Wayne David

Member of Parliament for Caerphilly

September 2014 CLP Newsletter

Welcome to the September edition of our monthly bulletin, providing you with the news of what is going on within the Caerphilly Constituency Labour Party.

Secretary’s Report: Bryn Hollywell

 

Despite the absence of any Labour Party meetings during this holiday period I have been busy in pursuing what I term as research work. I belong to a number of organisations such as Compass, CLASS, the Fabian Society, Progress and the Electoral Reform Society, not because I fully agree with all their policies, but they do provide me with detailed submissions on a range of interesting policies that a new Labour government could implement when they win the general election. These submissions form the basis of what is now commonly known as the “Hollywell Manifesto”, in other words, my own personal views on what should be contained in the Labour Party’s general election manifesto.

 

These “personal views” formed the basis of our discussions when we recently debated the National Policy Forum proposals for the general election manifesto. I was heartened that many, but by no means all, of my ideas were accepted and were duly submitted to the Party for consideration at our Special GC meeting on Saturday 6 June. For example my views on scrapping the Trident nuclear weapons programme were not accepted.

 

You may have read in the national press and the media that the Labour Party considered all these submissions under its new Policy Forum system during a weekend in Milton Keynes in mid July. I have received personal reports from many members of the NEC (National Executive Committee) on the very positive and constructive discussions that took place between the Shadow Cabinet, NEC members (including our Welsh representatives), and the trade unions during this weekend, which leads me to believe that many of the policies the Caerphilly CLP submitted will be featured in the final version of our manifesto that will be debated at Annual Conference in Manchester later this month. I will be attending the Conference as a visitor; this enables me to attend the Conference sessions and all the fringe meetings and social events that take place. We have two new delegates representing the Caerphilly constituency who will be attending their first Conference as appointed Delegates, Anne Pettit and Cllr Elaine Forehead, both from the Castell Ward in Caerphilly.
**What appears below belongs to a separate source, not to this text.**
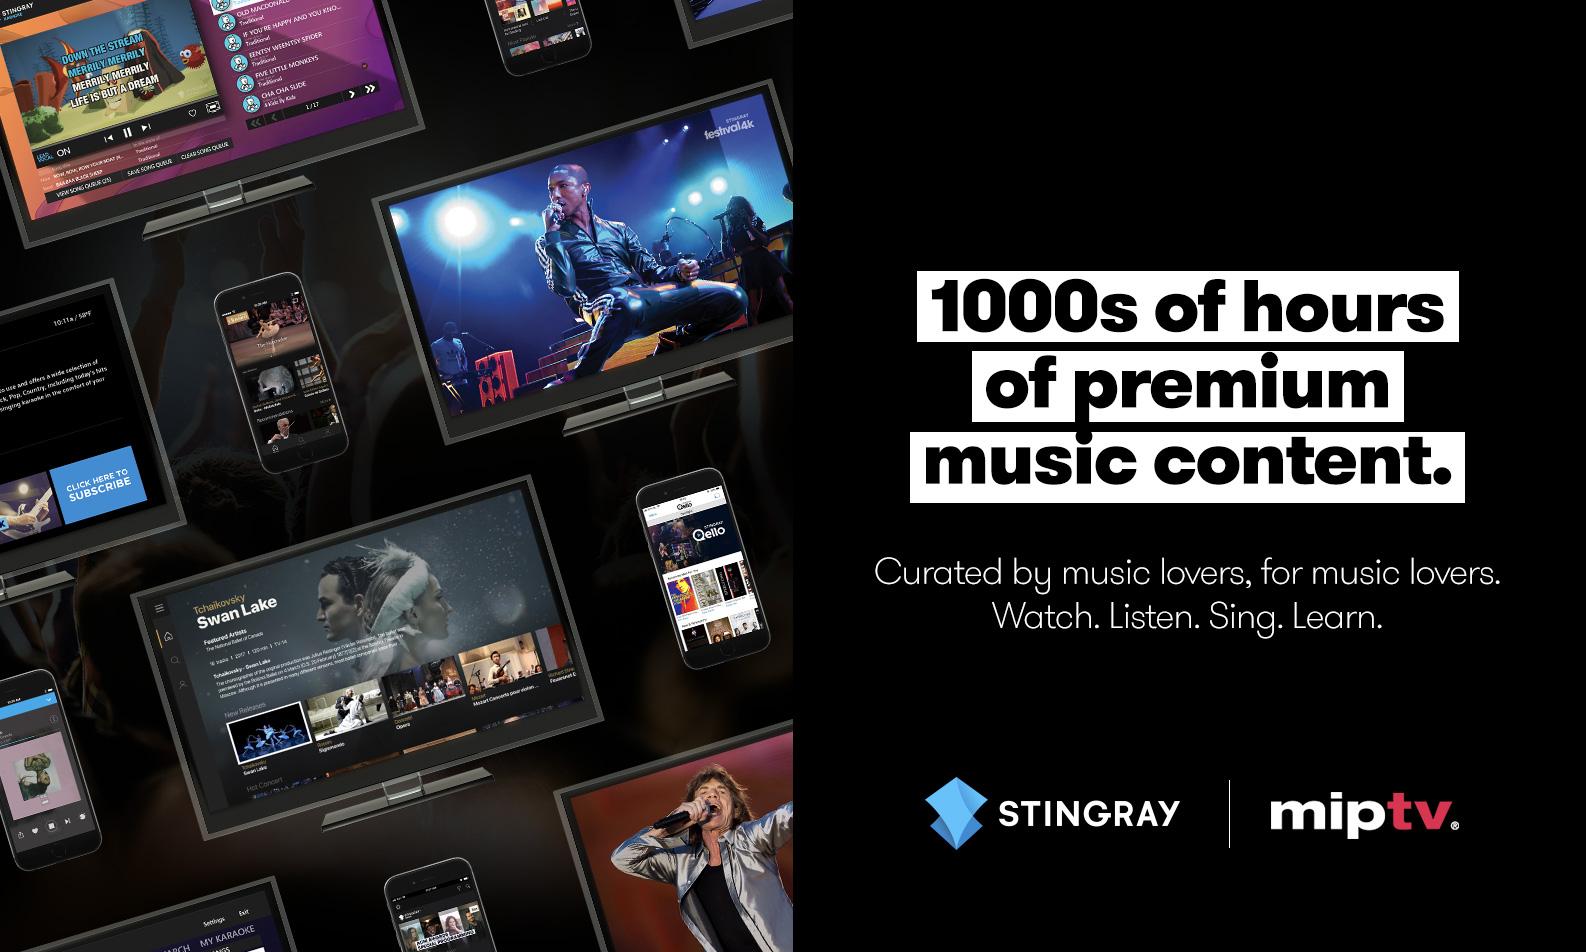 Meet Stingray at MIPTV 2019

They will be reporting back on their experiences and what policies were agreed at our October GC scheduled for Friday 10 October.

 

Welsh Labour will be debating its own policies for the next Welsh Assembly election due in 2016 at the end of November, and I have e-mailed all party members with details of the subjects that will be debated and if they are interested, will be invited to attend our Special GC Meeting on Saturday 6 September at the BTM Community Council offices, Newport Road, Bedwas, starting at 10:30am, to debate the draft responses I have prepared for each of the policies that will be finally agreed for the elections in 2016.

 

We have a special guest speaker at our next GC Meeting on Friday 12 Sept; Mari Williams, the Labour Party Candidate for our twinned constituency of Cardiff North, a vital marginal seat that we must win if we are to form the next government.

 

We will then devote the remainder of the meeting to a debate on the very important issue of local government boundaries and agree our response to the Welsh Labour consultation exercise on the Williams Commission  Report. There was an interesting and well attended meeting held at the Caerphilly County Borough Council Chambers on Monday 11 August, organised by the Labour Group of councillors on the council. All party members in the three constituencies within the Caerphilly Borough, Caerphilly, Islwyn and the Rhymney area of the Merthyr & Rhymney constituency were invited. We heard the details of what the Labour Group will submit to Welsh Labour, but stressed that each of the three constituencies were entitled to submit their own views. I will be reminding all Party members of this important debate before Friday 12 September, and by that time we will know what the views of our colleagues in Islwyn and Merthyr are.

 

 

Article from Wayne David MP

 

Remember Morgan Jones

 

The Caerphilly constituency made history when it elected the first conscientious objector to Parliament. In 1921, the first Labour MP for Caerphilly – Alfred Onions – died. A by-election followed and most people expected the local miners, who dominated the local Party at that time, to select a senior pro-war official. But to many people’s surprise, the rank-and-file miners and Party members selected Morgan Jones.

 

Born in Gelligaer, Morgan Jones had been a local school teacher. He had resolutely opposed the First World War and had gone to prison for his beliefs. After the war he was blacklisted and was unable to go back to school teaching. Instead, he found work in a local colliery and then became a full time organiser for the Independent Labour Party (ILP).

 

After the war many people expected a “land fit for heroes”. What the returning soldiers from the front found was growing unemployment and grinding poverty as the long decline of the coal industry began to take grip. In this climate, both those who had supported the First World War as well as those who had opposed it, threw their support behind the radical, young Morgan Jones.

 

In the by-election of August 1921 Morgan Jones won a decisive majority. This was despite the efforts of the Tory/Liberal Coalition Government and the Communist Party, who fought their first Parliamentary by-election. In fact, despite the talk of a ‘revolution’ in Britain, the Communist Party lost its deposit.

 

Morgan Jones went on to become a Junior Education Minister in the Labour Governments of 1924 and 1929. He was also the Chair of a Select Committee and was one of the few Labour MPs to hold his seat in the catastrophic election of 1931, when Ramsay Macdonald formed a National Government.

 

This year, of course, marks the centenary of the start of the First World War. We should remember and pay tribute to all those who gave their lives, but we should also remember those, like Morgan Jones, who resolutely opposed the war.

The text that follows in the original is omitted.